Got confused here while learning how informat works in reading raw data files. Could any expert give a hint?
Raw data in a txt file:
Here is what I tried first.
input city $7. visit;
This landed me with only the first row plus an error message:
SAS went to a new line when INPUT statement reached past the end of a line.
Could someone help me to understand why would SAS reach past the end of the first line at all? I know if "LA" is "Seattle" (a longer value), my code will work fine so I don't think the first ob is the problem. To stop SAS reaching past the end, I tried MISSOVER. This did bring in a second row with values missing. In the end, I had to use a colon modifier.
My SAS book says "The informat in modified list input determines only the length of the variable, not the number of columns that are read. " But in this case if I don't use an informat for city, the original code will work fine so I'm puzzled.
The problem is that you are NOT using the method the statement describes. For modified list input you would have to include a colon in your input statement. e.g.:
input city : $7. visit;
Otherwise, yes, SAS will read all seven characters for city, regardless of whether they include imbeded spaces or not. If you also have imbeded spaces, then you would also have to include the ampersand modifier.
Thanks to you both, Art and Ksharp. The recommended file is very easy to follow.
Just to confirm:
My SAS Certification book says 'The colon ( modifier is used to read nonstandard data values and character values that are longer than eight characters, but which contain no embedded blanks.' It almost makes me think if character values are shorter than 8 bytes and do not have embedded blanks, the modifiers are not necessary.

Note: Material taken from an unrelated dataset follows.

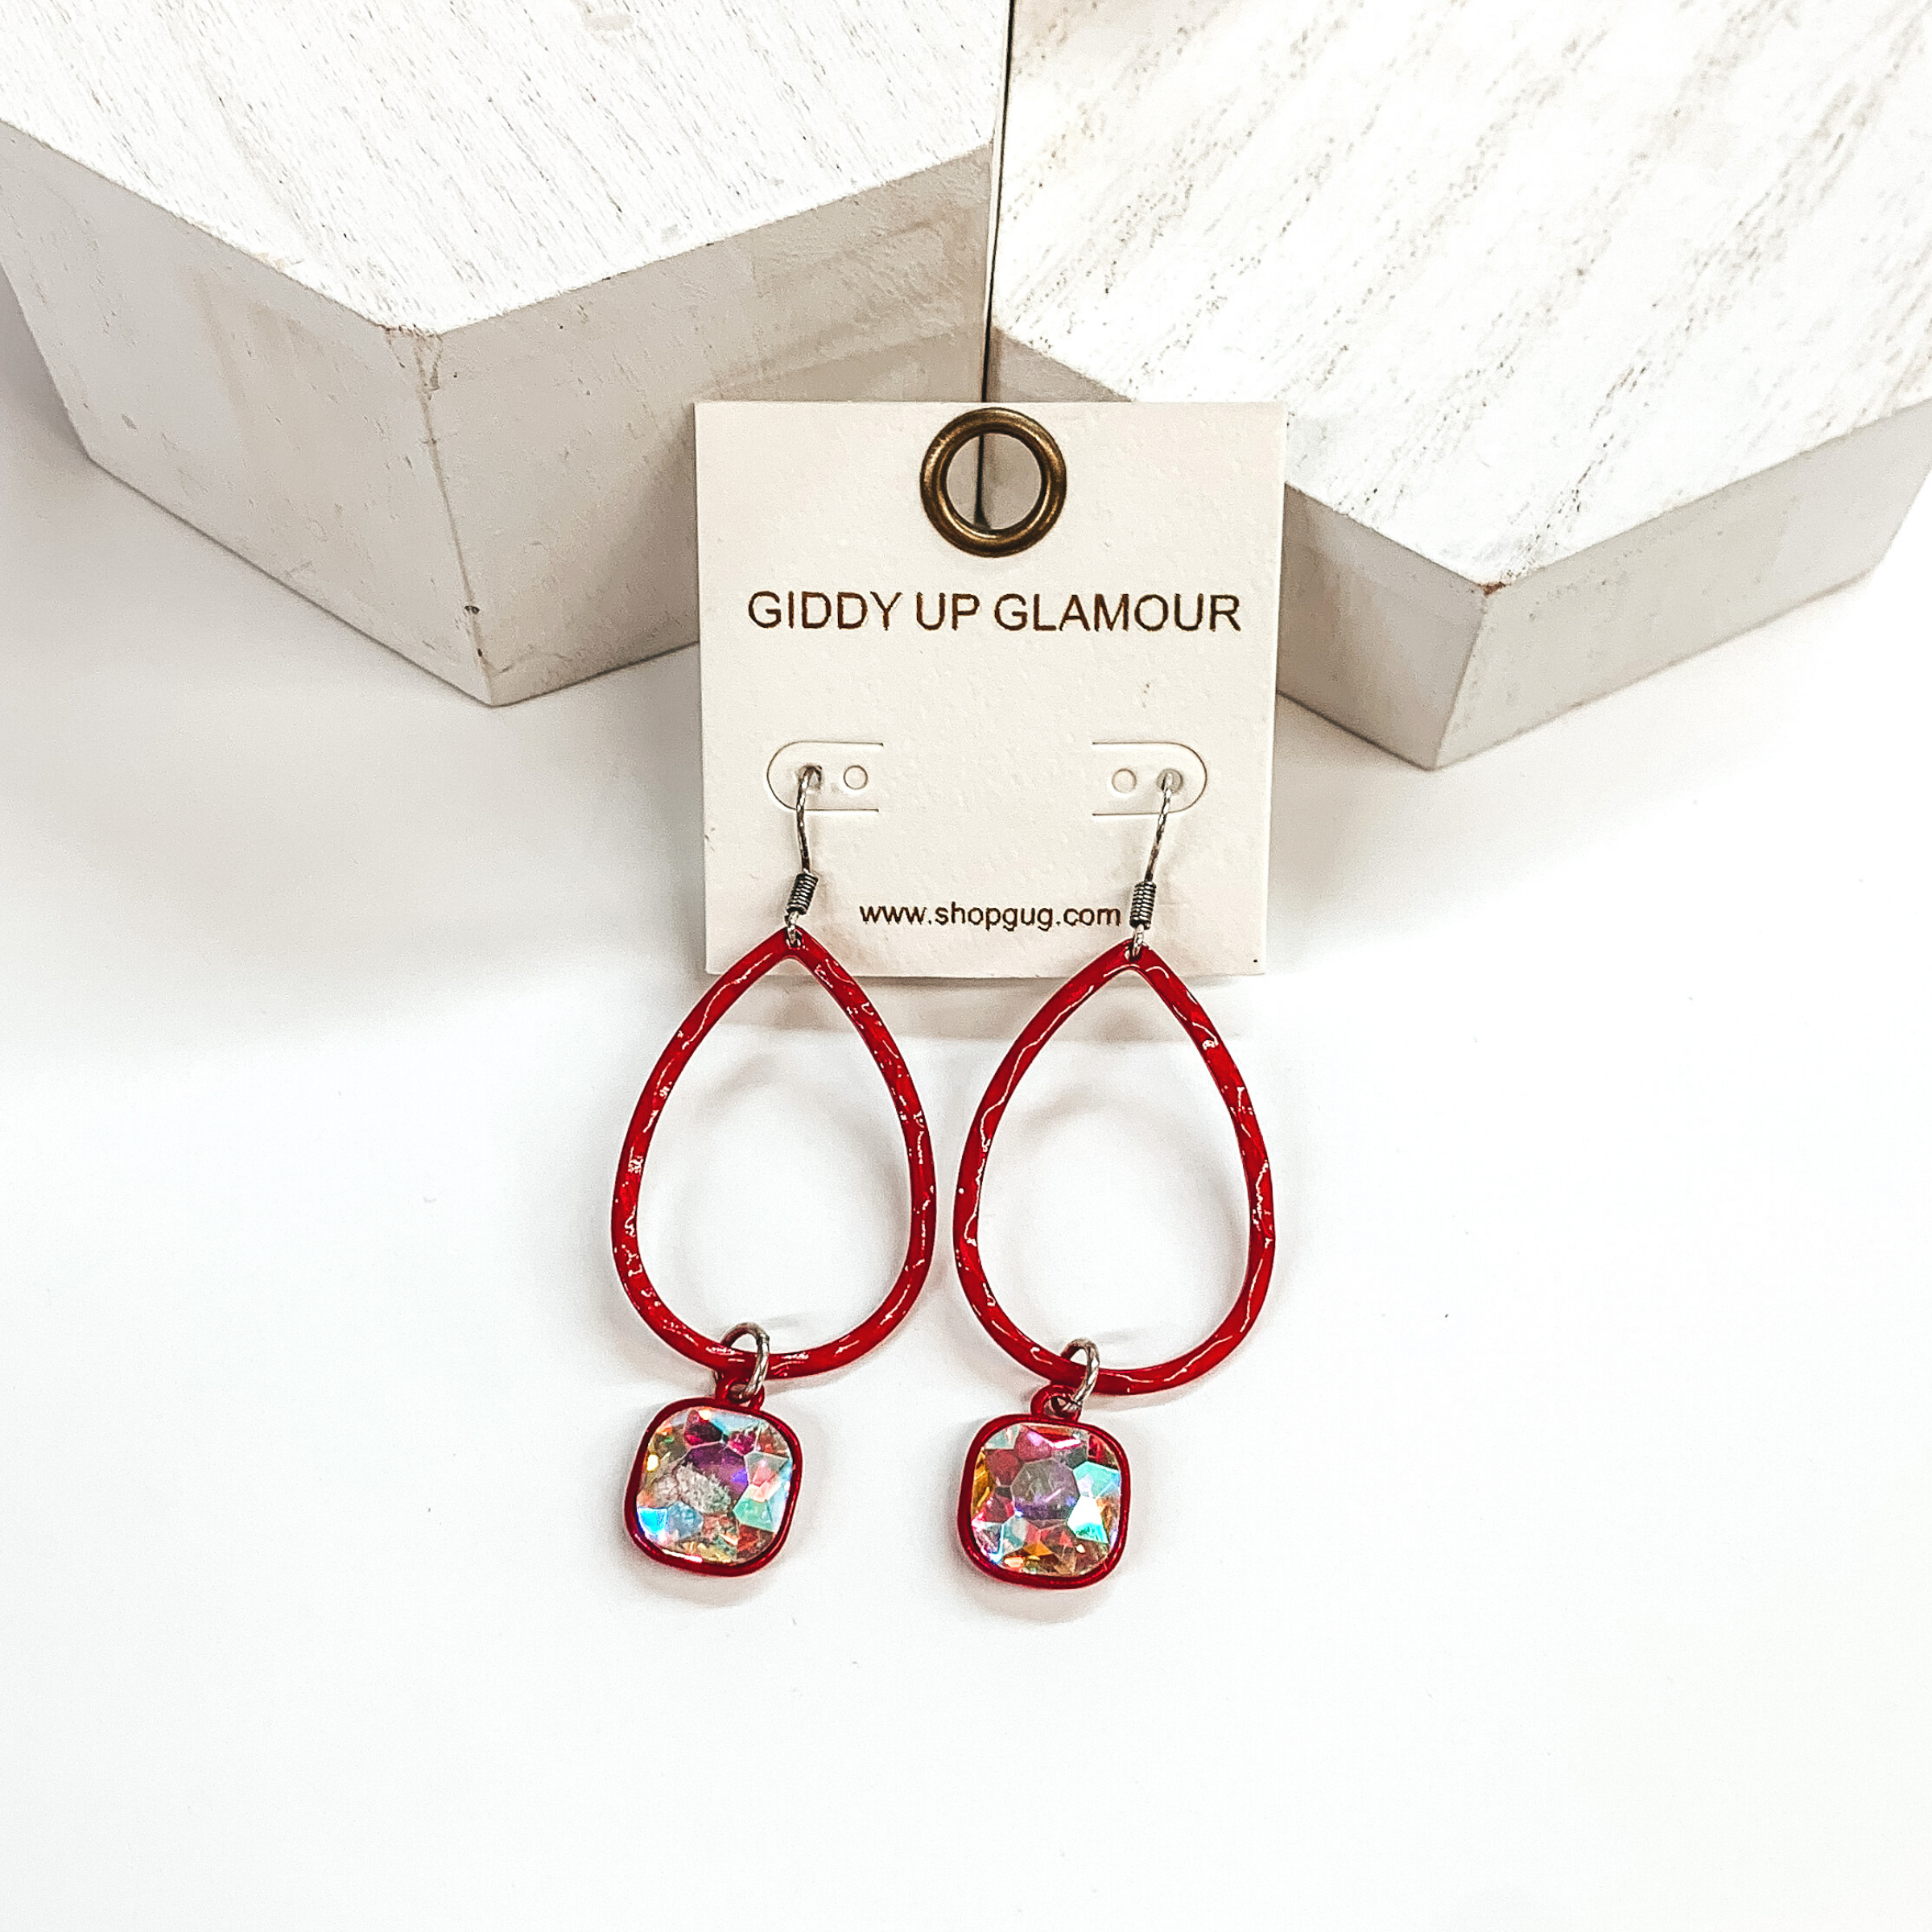 Red teardrop hammered earrings with a hanging cushion cut ab crystal. These earrings are pictured on a white background with white blocks at the top of the picture.

Now after our earlier discussion, it seems that I have to use : or & so SAS understands I'm not trying to read data with formatted input? I guess it's more of an issue when the variable starts from column 1 otherwise by looking at the pointer portion, it's not hard to tell input method.
>if character values are shorter than 8 bytes and do not have embedded blanks, the modifiers are not necessary.
That is only suitable for list input .that is mean list input ' input a $ ' is the same as modified input ' input a : $8.' .Once you use formatted then maybe you would use colon as Art mentioned ' input a : $7.'.
Thanks for the additional explanation! I noticed that whenever I use informat for character variable in the input statement, SAS will treat it as formatted input, unless I use colon. It makes a real difference when my values have different length.
Here's my quick test:
Andy Lee 150
Adam Jack 200
Mary Jacob 300
When I test Input Firstname$ Lastname $5. Hours; the lastname for the first row shows Lee 1 (because SAS grabbed 5 characters) and the value for hours = 50, even though I "think" my code is using modified list input and I was hoping SAS stops reading for my lastname field when it encounters the space after Lee. In short, have to use the colon to get the data in right. Hope this helps the next puzzled student.
Note that, as it says at the end of the topic -- SAS read formatted input until it has read the number of positions specified by the INFORMAT. In your case, $5. was considered to be the INFORMAT for the LASTNAME field.
So when you had
input firstname $ lastname $5. ... ;
You started with simple list input for FIRSTNAME, and then, switched to formatted input for LASTNAME. I'm not sure how you read HOURS -- with formatted or list input.
You can use a LENGTH statement with simple list input to specify the maximum length for a character variable that you are going to read with list input. If you specify the length, then list input will read until it hits a delimiter (the default delimiter for list input is a space or blank -- although, you can change it with the DLM option).
The program below reads your data without using the colon modifier.
length firstname $8 lastname $15;
input firstname $ lastname $ hours;
Andy Lee 150
Adam Jack 200
Mary Jacob 300
John Jingleheimer 400
proc contents data=hourdata;
title 'PROC CONTENTS';
proc print data=hourdata;
title 'PROC PRINT';
>whenever I use informat for character variable in the input statement, SAS will treat it as formatted input, unless I use colon. It makes a real difference when my values have different length.
Yes. you are right. But the length of variable is the length you defined in format, that is not different length when you use colon in your input statement.There is an important thing you need to remember(i.e. when you use length statement and informat statement before input statement, input method is identical with colon input method just as Cynthia mentioned),and once the character varible enters the PDV ,its length will not allow to change afer data step.
Now let's take a look at your example.
In your code ,'hours'is list input, 'Firstname' is list input(which has eight length sas default),'Lastname' is formatted input ( which will ignore the delimiter such as blank, and input until the fifth character, So you will get 'Lee 1' not 'Lee', you should add colon before $5. such as : $5.), The colon in ' : $5. ' will stop read the data when encounter delimiter ( blank and so on),but the length of variable is still 5.
Hope this will help you a little bit.
Cynthia gives some value reference about it.
In SAS ,there are four input method : list input, formatted input, column input , named input.
The difference you refer to is between list input and formatted input.Art has some details for it.
So If you understand these four input way,then will process complicated data perfently.